§ THE PROBLEM: Exact copy, pictures excluded: reproduce every record below.

[[ RECORDS SUPPLIED open ]]

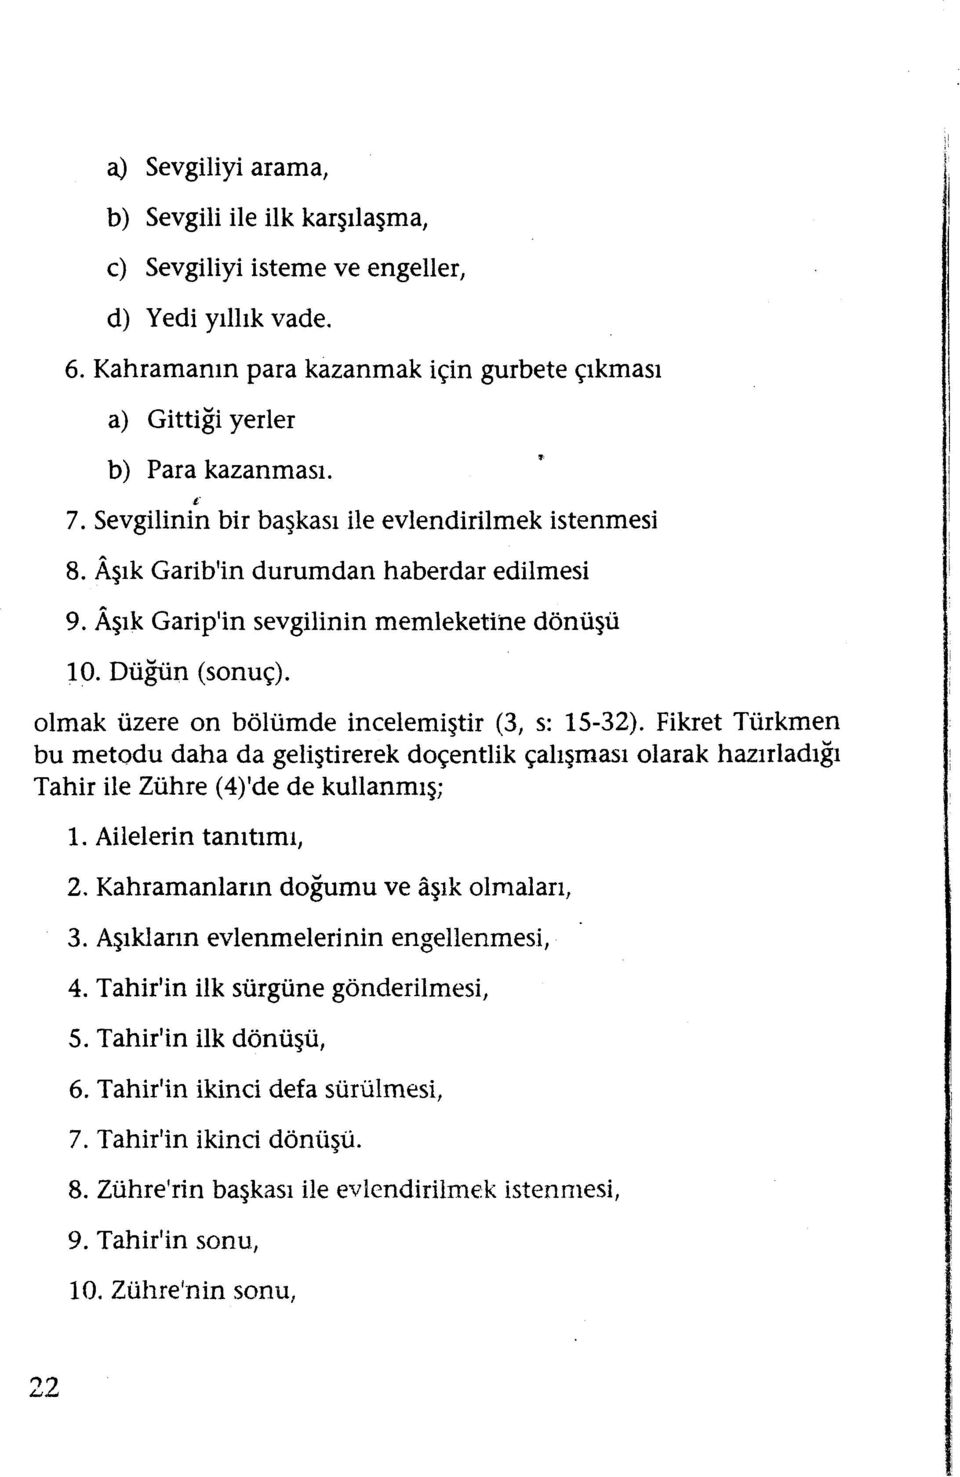 olmak üzere on bölümde incelemiştir (3, s: 15-32). Fikret Türkmen bu metodu daha da geliştirerekdoçentlik çalışması olarak hazırladığı Tahir ile Zühre (4)'de de kullanmış; 1. Ailelerin tanıtımı, 2.
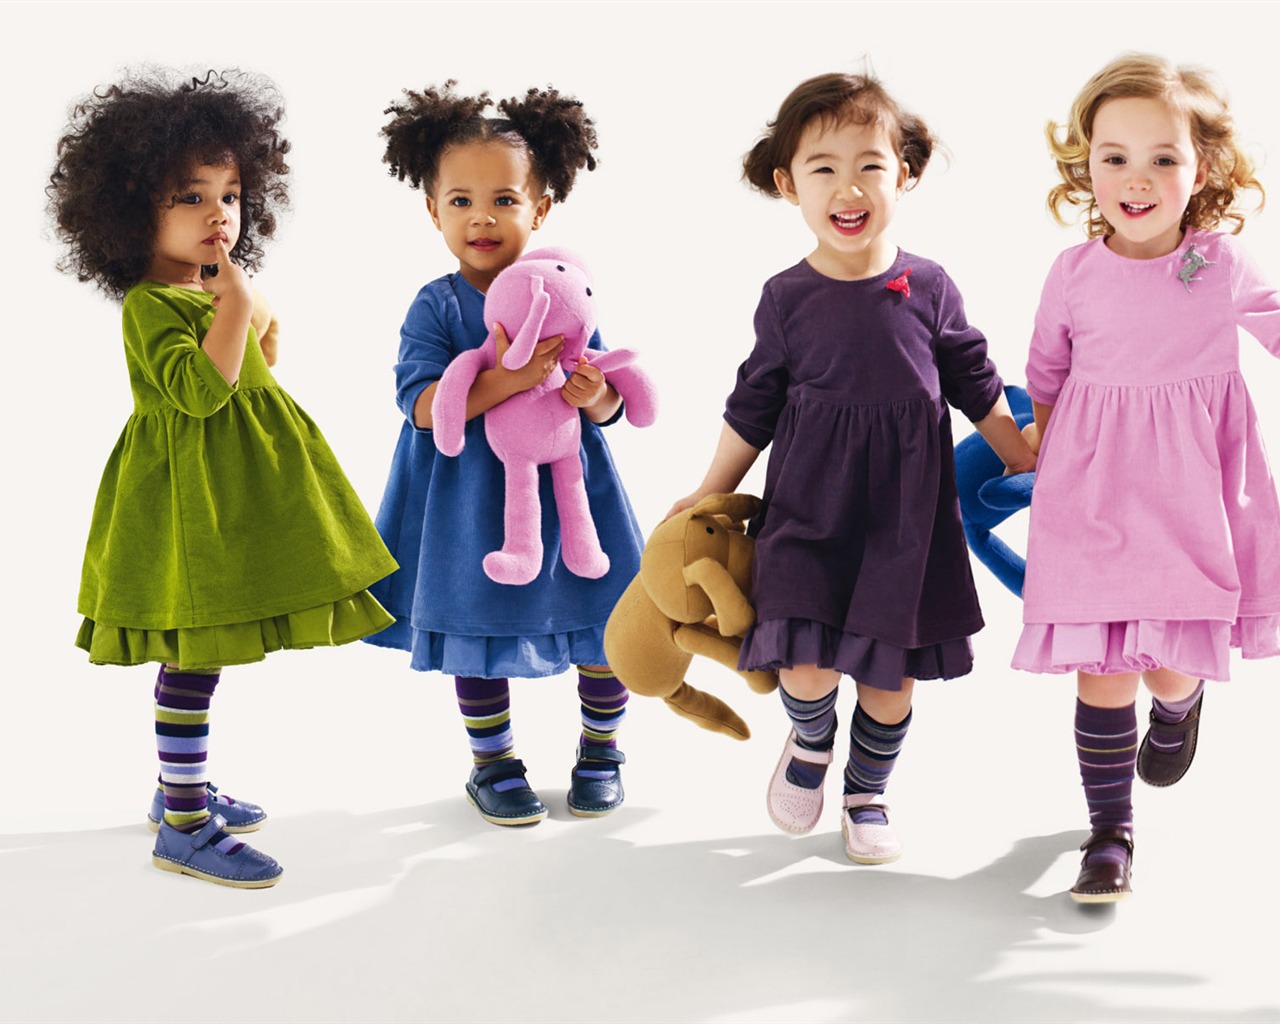 Colorful Children's Fashion Wallpaper (3) #10 - 1280x1024
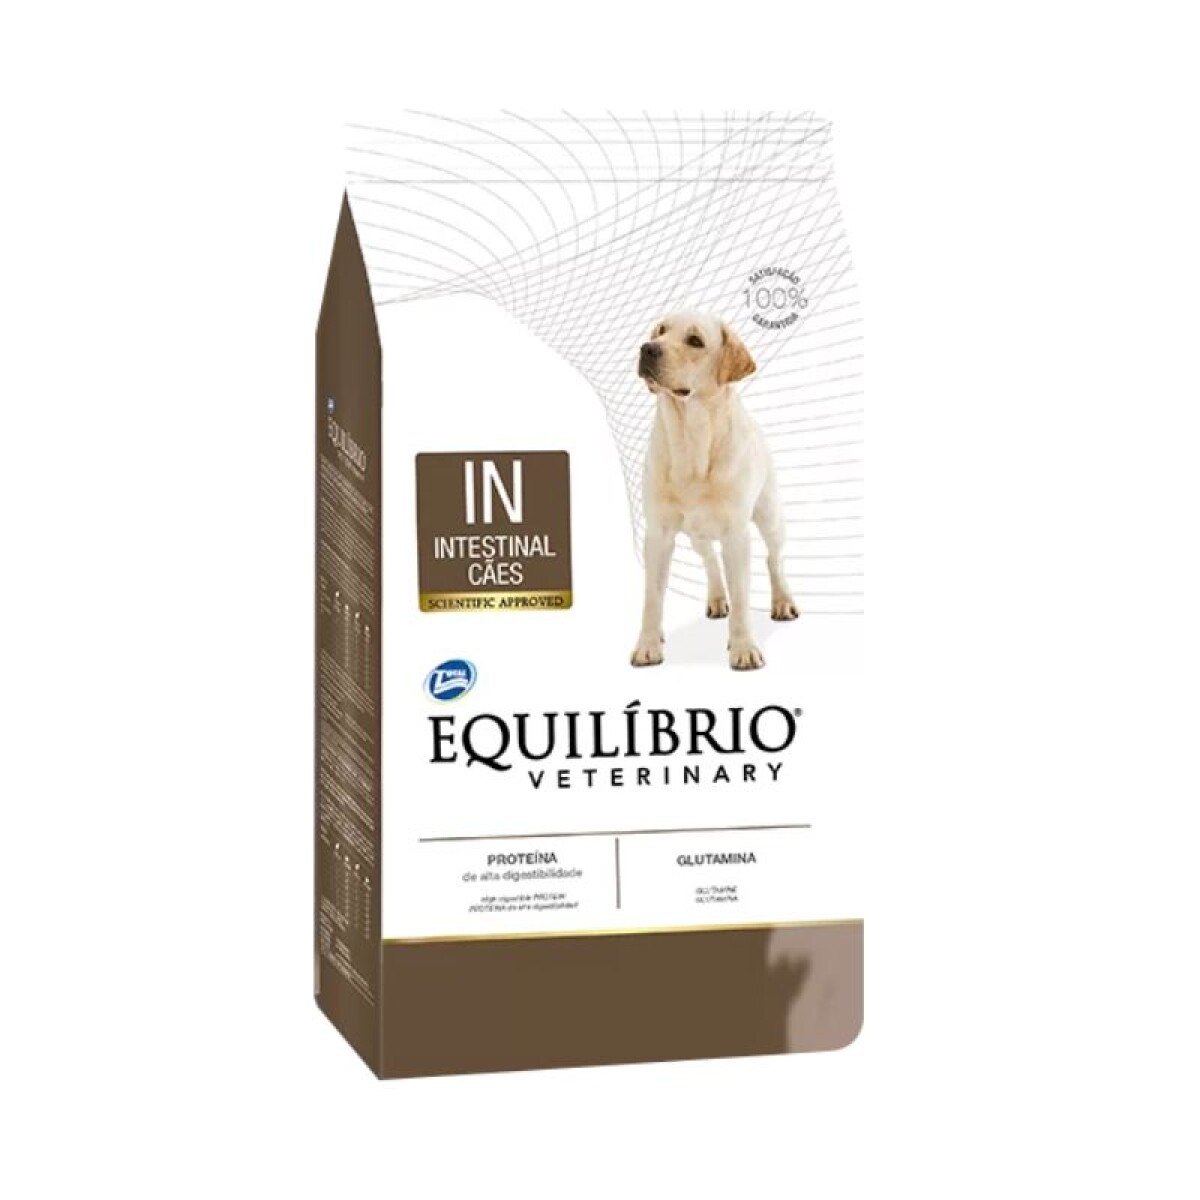 EQUILIBRIO INTESTINAL DOG 7.5KG - Equilibrio Intestinal Dog 7.5kg 
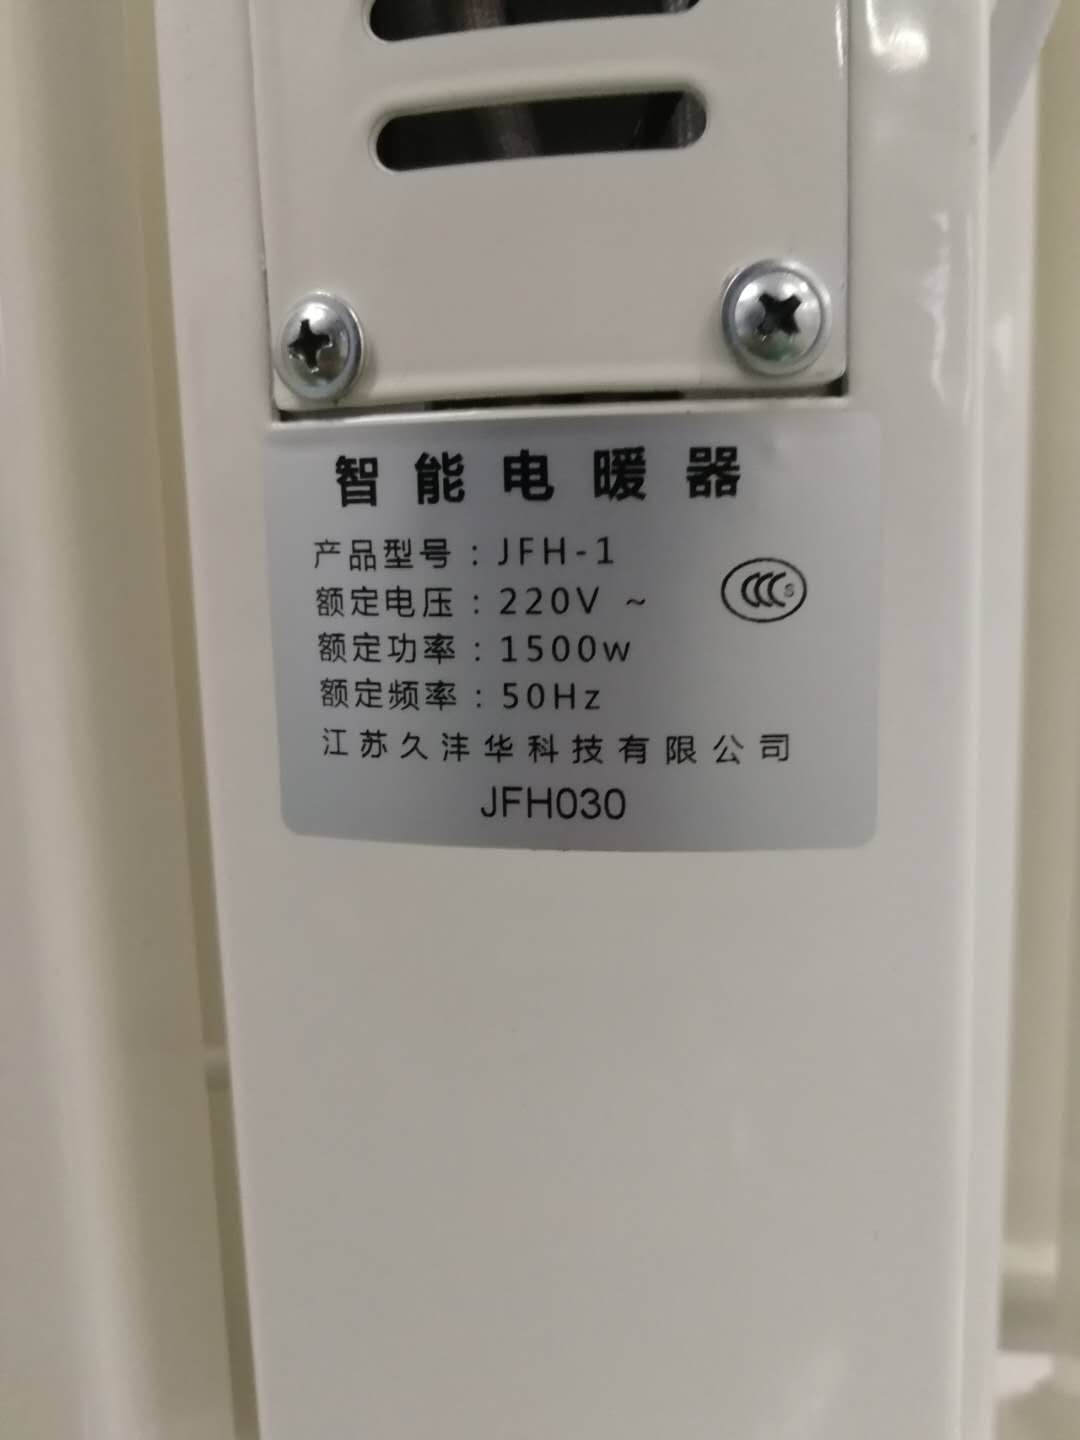 汣沣华智能变频电暖器汣沣华智能变频电暖器 JFH-1厂家直销，2件起批【江苏久沣华科技有限公司】
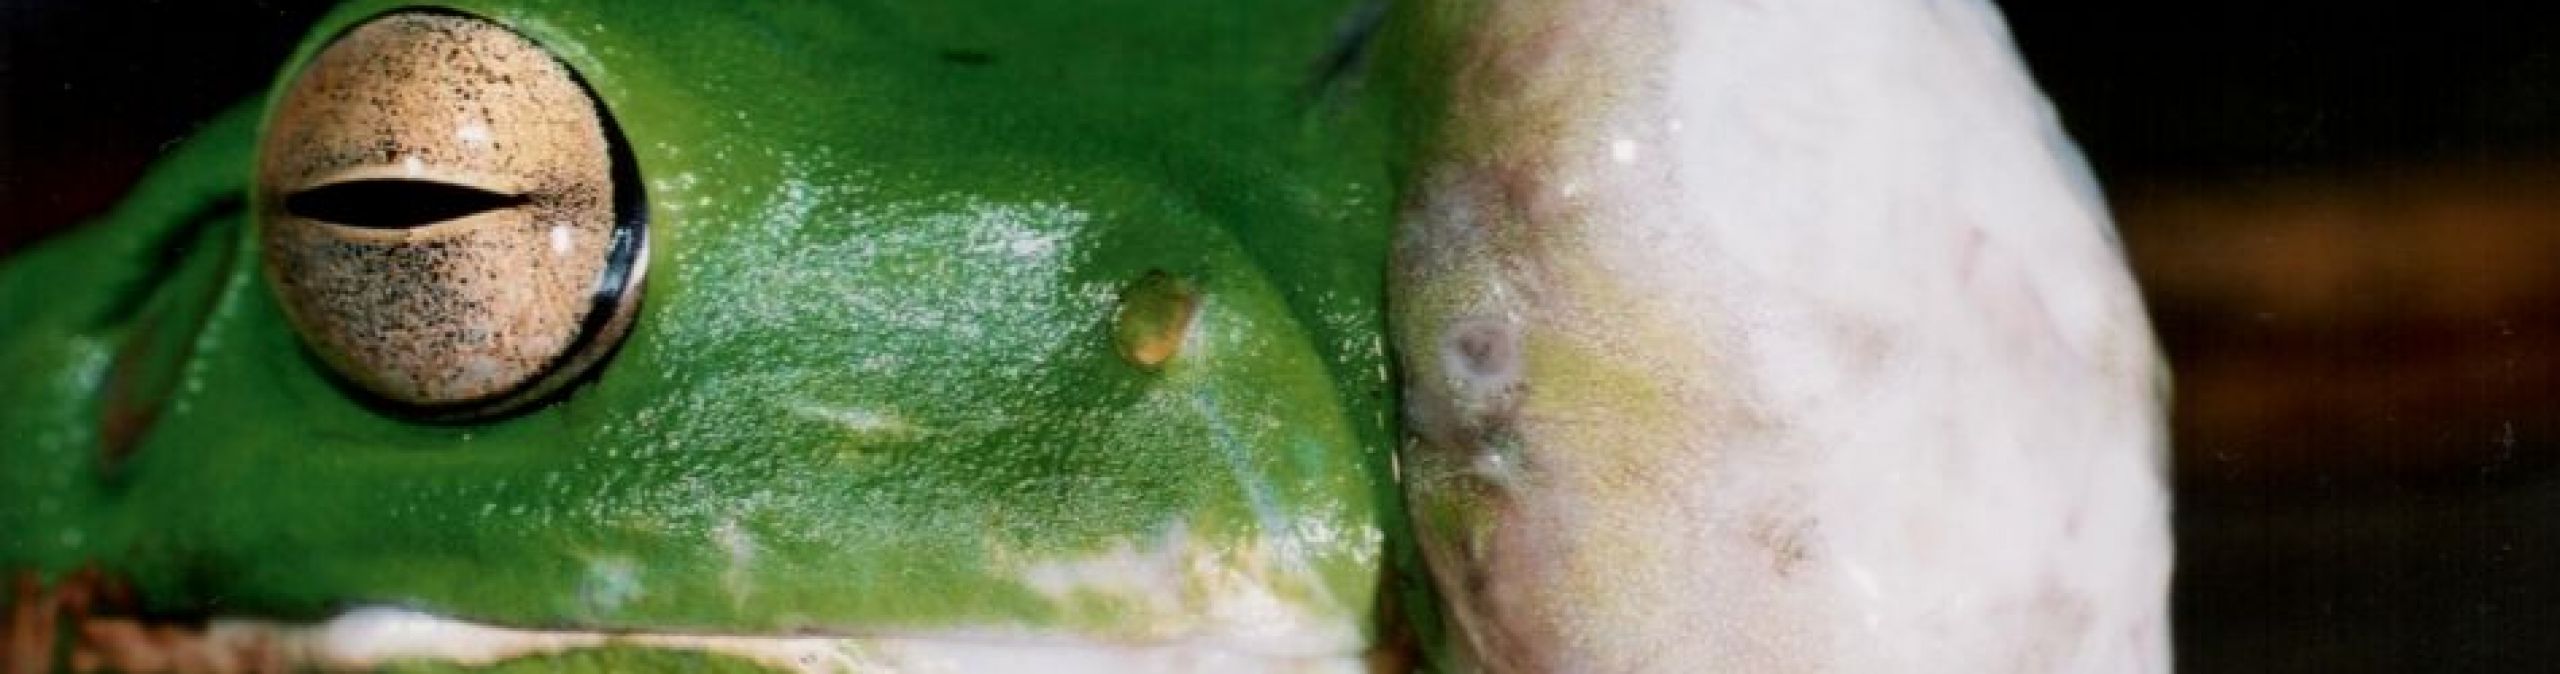 White-lipped treefrog withsquamous cell carcinoma
Photographer: Deborah Pergolotti

[[ RECORDS SUPPLIED closed ]]

§ WRITTEN ANSWER:
 olmak üzere on bölümde incelemiştir (3, s: 15-32). Fikret Türkmen bu metodu daha da geliştirerekdoçentlik çalışması olarak hazırladığı Tahir ile Zühre (4)'de de kullanmış; 1. Ailelerin tanıtımı, 2.
 Colorful Children's Fashion Wallpaper (3) #10 - 1280x1024
 EQUILIBRIO INTESTINAL DOG 7.5KG - Equilibrio Intestinal Dog 7.5kg 
 汣沣华智能变频电暖器汣沣华智能变频电暖器 JFH-1厂家直销，2件起批【江苏久沣华科技有限公司】
 White-lipped treefrog withsquamous cell carcinoma
Photographer: Deborah Pergolotti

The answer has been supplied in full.